Carlos Miguel, leitor da Gazeta do Povo
É como muitos de nós estamos nos sentindo, com menos liberdade, inclusive de expressão. Já não temos liberdade para falar o que pensamos, justamente por causa da agressividade de quem tem opinião contrária, por causa dos patrulhamentos, das campanhas de cancelamento, da censura imposta pelas redes sociais e até pelo STF.
"Respeitar não deveria significar concordar. E não concordar não deveria significar desrespeitar. Sem essa liberdade como vamos perpetuar e consolidar nossos valores, nossos conceitos, já que estes, para se perpetuarem, necessitam ser manifestados diariamente, sem medo, livremente?", desabafa Carlos Miguel.

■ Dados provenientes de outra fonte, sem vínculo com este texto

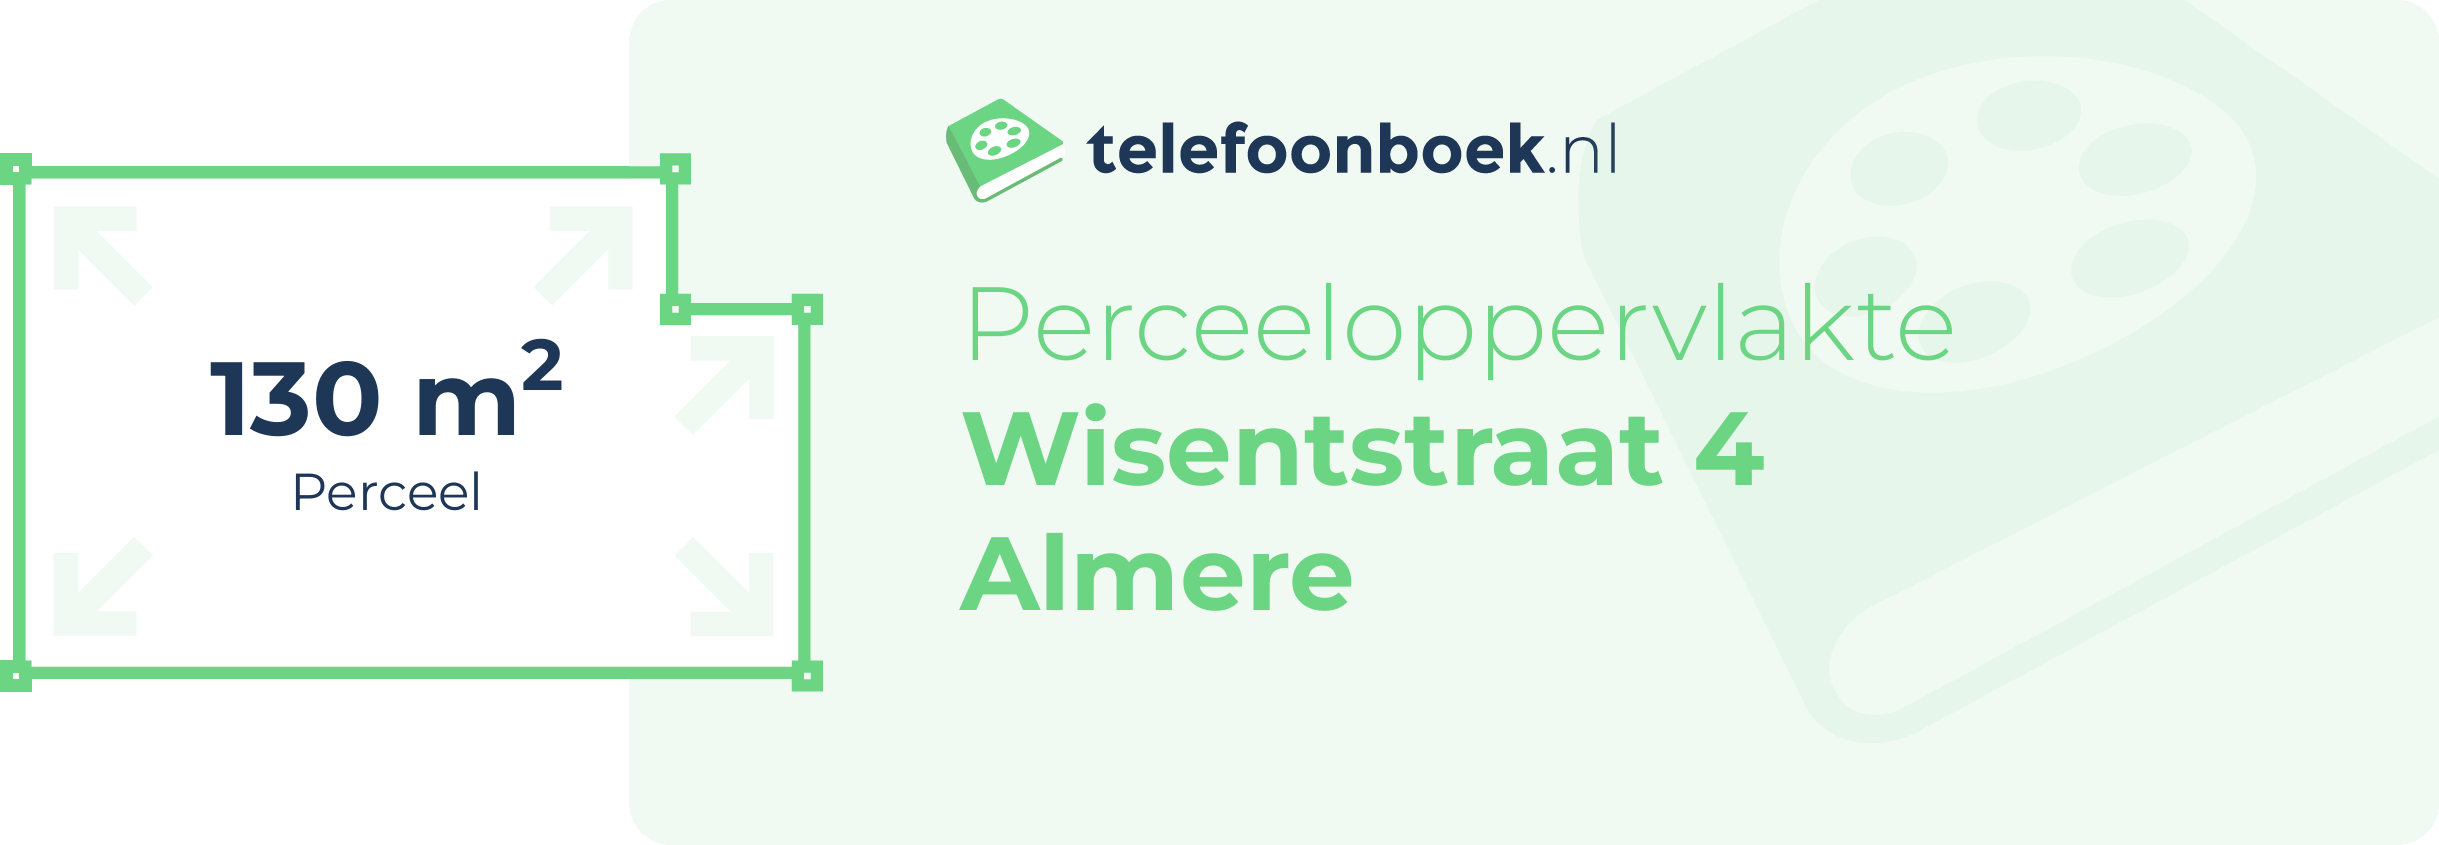 Perceeloppervlakte Wisentstraat 4 Almere

"Quando começamos a ter medo de nos manifestarmos, estamos no caminho da perda desses valores, da perda de nossas reservas morais. O medo paralisa a mente, com isso, o homem não pensa e endurece seu coração, tornando-se insensível e indiferente."
Insensível e indiferente. Eu não consigo ficar insensível aos cristãos em marcha, atacados com tomates, ovos, gelo e frutas congeladas, xingados e ridicularizados nas redes sociais.
Tampouco fico indiferente a um ataque vil, covarde e criminoso como o cometido pela militante feminista de forma gratuita contra pessoas indefesas (muitas delas mulheres, que as feministas dizem representar); pessoas que apenas caminhavam na rua em nome de um valor: a liberdade.